Within 10 minutes of being on the boat, I saw him. Prince Eric was dancing next to Mega Man, and I couldn’t look away. I jokingly commented to my friend that I already found my crush for the night without any expectation it would go beyond that. We locked eyes and Ariel’s beau was making his way toward me. All of my previous ice-breaker training came into play. I knew by the way our conversation flowed, words bouncing off of each other, that we were compatible. Neither of us monopolized the conversation — a common mistake I encountered in the past. You never want to be the only one talking on a date nor do you want to be just listening the whole time. The signs were all there that this was a romantic connection, but I didn’t let myself get carried away with where the whole thing was leading. We were laughing a lot and we were kissing before the boat even left the port. The rest of the evening was spent dancing under the summer stars with all of New York City as our backdrop. It was as close to perfect as a first meeting could be.

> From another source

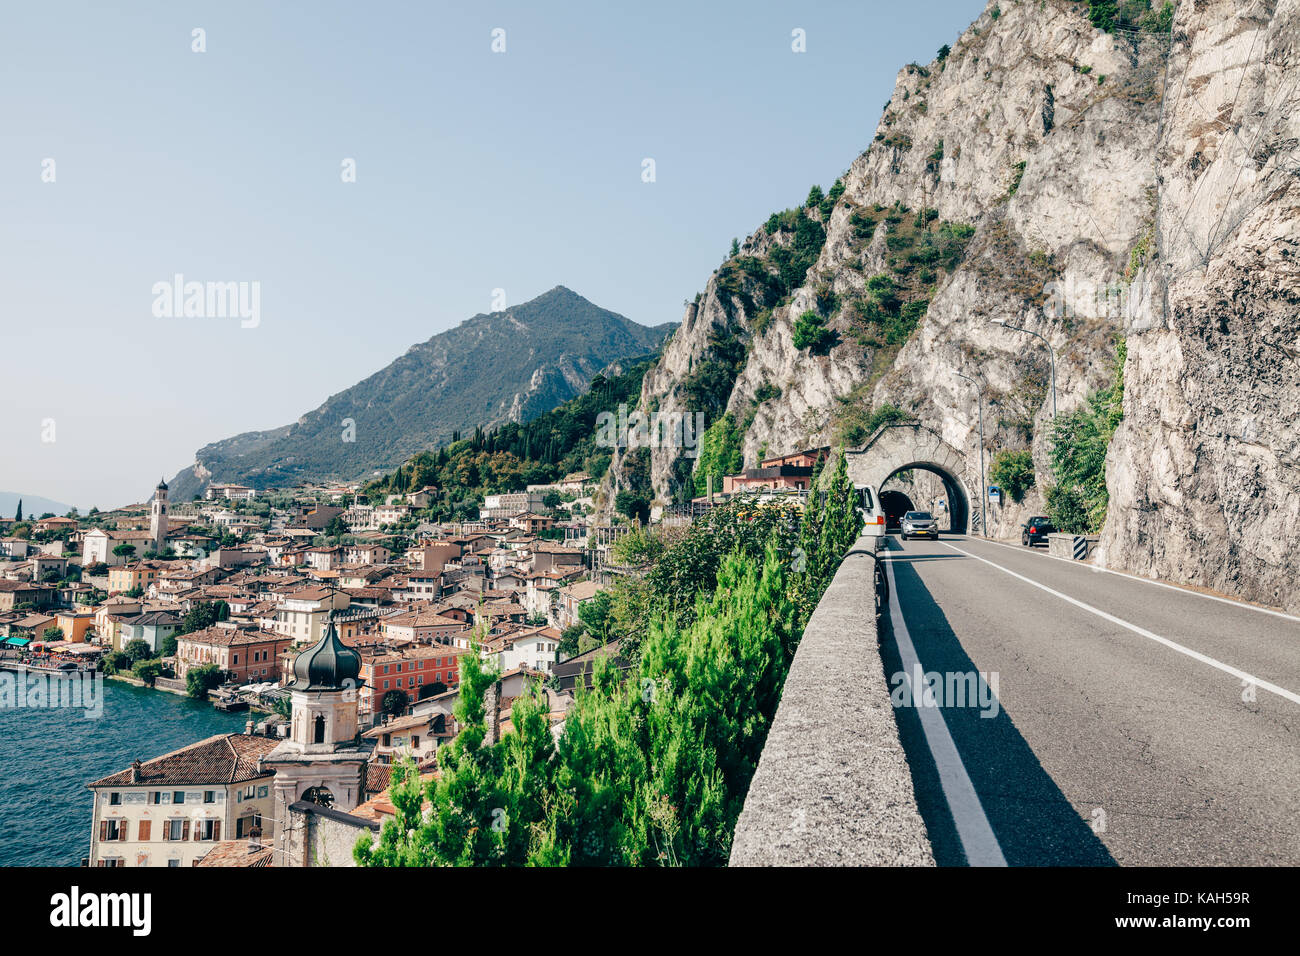 Landschaftlich schöne Strecke am Gardasee und schönen Dorf Limone sul Garda,  Italien. Reisen Hintergrund Stockfotografie - Alamy

In the years since that night, I’ve had countless conversations about how meeting someone “in real life” is still the best way to do it — and every time the topic comes up, I disagree. I don’t think I would have ever met my guy without those years of practicing with online dates. I don’t know what my life would be like if I never had those experiences and focused solely on face-to-face connections. In some ways, I owe my current love to all the boys that came before.